The NHS Long Term Plan fizzled out, leaving patient data scattered throughout the organisation in systems that couldn’t communicate with one another.

‘The foothills of digital transformation’

When the UK’s new government came into power in 2024, it immediately commissioned a rapid review of the current state of the NHS, led by Lord Ara Darzi. He concluded that the UK has underspent on capital investment in the service by £37bn. In addition to the money wasted so far on failed patient record systems, the way that the Treasury managed the capital expenditure limits was dysfunctional, he said, leading to trusts using investment money on day-to-day expenditure.

‘The workforce has been rapidly expanded while its capital base has been artificially constrained, since the health service as a whole – as well as individual trusts – lacks the authority to decide how the NHS budget is divided between day-to-day spending on wages and consumables versus capital investment in digital technology, diagnostic scanners, or modern buildings’, he said. ‘It is little wonder, then, that productivity has declined when capital per worker fell year-on-year during the 2010s.’

Unlike in 2002, health professionals today are much more supportive of technological change

While there are pockets of IT excellence, he concluded, ‘the NHS remains in the foothills of digital transformation’. And many IT initiatives have brought little benefit while adding to the workload of clinicians. New technologies such as artificial intelligence (AI) are also largely absent from an organisation with the rich and extensive data sets that could provide a revolutionary transformation of patient care.

Despite the catalogue of woes in Lord Darzi’s report, his overriding conclusion is that the service and its technologies are fixable, even if not in the course of a single parliamentary term. He identifies technology as one of the key drivers for change because it can transform the way that patient care is delivered, simplifying processes that are overdependent on data that’s hard to access and share. In fact, surveys have shown that patients aren’t overly concerned about issues of privacy as long as the data is used to improve their outcomes and the productivity of the NHS.

Unlike in 2002, health professionals today are much more supportive of technological change – not least because those trusts that have adopted PEPs and the FDP have seen significant improvements in patient care – and the implementation of these systems is not as top-down as in previous initiatives. The government has also made significant money available. That won’t guarantee success, but it’ll help.

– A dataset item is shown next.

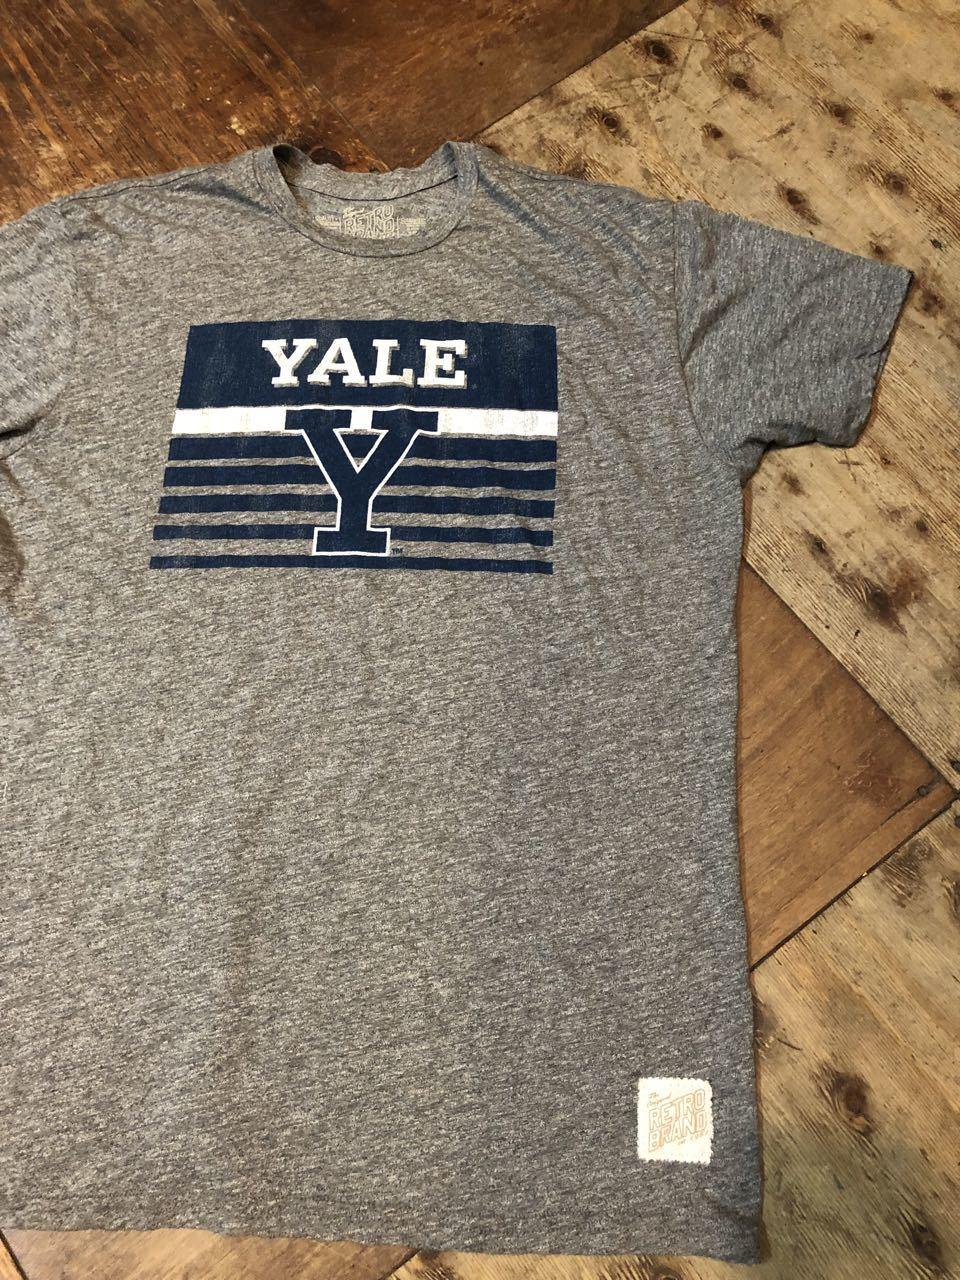 6月10日(月)入荷! MADE IN U.S.A YALE大学 Tシャツ!_c0144020_14453505.jpg

But there’s another, less tangible problem that could yet derail the initiative – too much haste. In one of the multiple assessments of the National Programme for IT in the NHS written in later years, the Saudi academic Taghreed Justinia said that rushing to reap the expected rewards of the project led to unrealistic timetables and poor governance. Pushing too hard for change could have an adverse effect on the success of the new project. As everyone in the NHS knows, a sick patient needs treatment, care and whatever time they need to recover.